2.3 |. Apoptosis-inducing factor (AIF)—a key mediator of PARthanatos in ischemic stroke
AIF is a mitochondrial flavoprotein with a vital function in bioenergetics and a lethal function when it moves to the nucleus (Wang et al., 2009, 2011). It mainly locates in the mitochondrial intermembrane space with its N-terminus attached to the inner membrane and another small portion of AIF is associated with the outer membrane (Yu et al., 2009). AIF is important for mitochondrial complex I assembly and contributes to the oxidative phosphorylation process under physiological conditions. AIF has also been implicated to function as a ROS scavenger (Polster, 2013; Wang et al., 2009). Apart from its vital function, AIF has been recognized as a key cell death mediator in PARthanatos (Figure 2). Microinjection of AIF antibody protects against PARthanatos (Yu et al., 2002).
During the process of PARthanatos, PARP-1 hyperactivation leads to the excessive accumulation of PAR. PAR itself functions as a death signal (Andrabi et al., 2006), and translocates from the nucleus to mitochondria, where it interacts with AIF on the conserved PAR binding motif and triggers AIF release from mitochondria (Wang et al., 2011; Yu et al., 2006). Mutation of PAR-binding domain on the C-terminus of AIF almost completely abolishes AIF nuclear translocation and PARthanatos (Wang et al., 2011). Therefore, both AIF and PAR are required for nucleus–mitochondria cross talk to mediate PARthanatos.
The translocation of AIF from mitochondria to nucleus is considered a key step of PARthanatos. AIF is initially synthesized in the cytosol as a precursor of 67 kDa and processed into its mature form (62 kDa) after transporting into mitochondria. Calpain I has been shown to cleave AIF at L101/G102 into a soluble truncated AIF (tAIF) of 57 kDa following oxygen-glucose deprivation or transient global ischemia (Cao et al., 2007). Then, tAIF is disassociated from the inner membrane and translocated into the nucleus to mediate ischemic cell death. Over-expression of a calpain inhibitor calpastatin or knockdown of calpain I reduces tAIF nuclear translocation in CA1 neurons after global ischemia and suppresses ischemic cell death (Cao et al., 2007). Recently, another study also showed that calpain I-mediated AIF truncation and AIF nuclear translocation cause DNA fragmentation and myocyte cell death (Chelko et al., 2021). Therefore, calpain I may play a role in mitochondrial AIF cleavage and release in ischemic stroke. Future study is needed to determine whether calpain I-mediated release of AIF is a parallel pathway independent of PAR, or whether calpain I plays a role in PAR-mediated AIF release during PARthanatos.

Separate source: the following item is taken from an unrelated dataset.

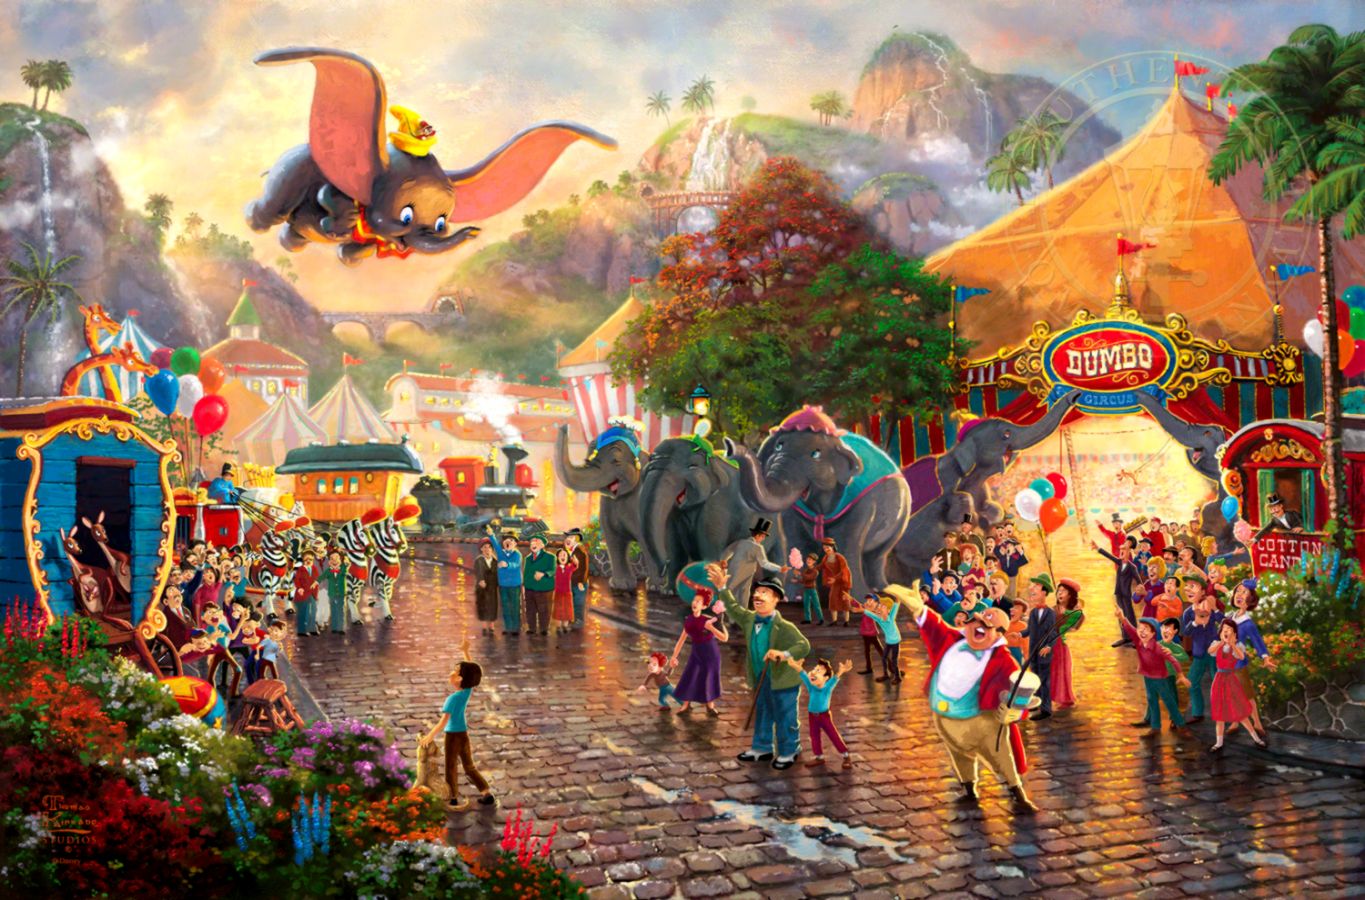 Disney Dumbo The Thomas Kinkade Company - Thomas Kinkade Disney Dumbo - HD Wallpaper

2.4 |. Macrophage migration inhibitory factor (MIF)-executor of PARthanatos in ischemic stroke
AIF nuclear translocation is often associated with nuclear shrinkage, chromatin condensation, and large DNA fragmentation in PARthanatos. However, AIF itself does not have the obvious nuclease activity. Studies from C. elegans models showed that AIF homolog wah-1 cooperates with mitochondrial endonuclease CPS-6/endonuclease G (EndoG) to promote DNA degradation and cell death (Wang et al., 2002). However, EndoG does not seem to be a primary contributor for large DNA fragmentation in PARthanatos in mammals since knockout of EndoG fails to block PARP-1 hyperactivation-induced large DNA fragmentation and cell death (Wang et al. 2016). Through two sequential high-throughput screenings for AIF-interacting proteins critical for PARthanatos, we recently identified MIF as a PARP-1 activity-associated nuclease (PAAN) that requires Mg2+ or Ca2+ for its 3’ nuclease activity (Wang et al. 2016). MIF was previously known as a secreted protein involved in inflammation, immune response, and cancers and its expression is up-regulated following hypoxia and ischemic stroke (Bloom & Bennett, 1966; Bloom et al., 2016; Oda et al., 2008). Following PARP-1 hyperactivation, AIF is released from mitochondria and recruits MIF to the nucleus, where MIF cleaves DNA into 10-to 50-kb large DNA fragments (Wang et al. 2016). Moreover, depletion of MIF, disruption of AIF and MIF interaction, or suppression of MIF’s nuclease activity protects neurons from NMDA-induced cytotoxicity or ischemic cell death. It also has long-lasting histological and behavioral rescue in the transient focal ischemic model of stroke (Wang et al. 2016). Thus, MIF functions as the executive nuclease in PARthanatos to chop genomic DNA into large fragmentation, and subsequently causes chromatinolysis and cell death (Figure 2).
3 |. MITOCHONDRIAL OXIDATIVE STRESS AND METABOLIC ALTERATION: CAUSE OR CONSEQUENCE OF PARP-1 ACTIVATION IN ISCHEMIC STROKE?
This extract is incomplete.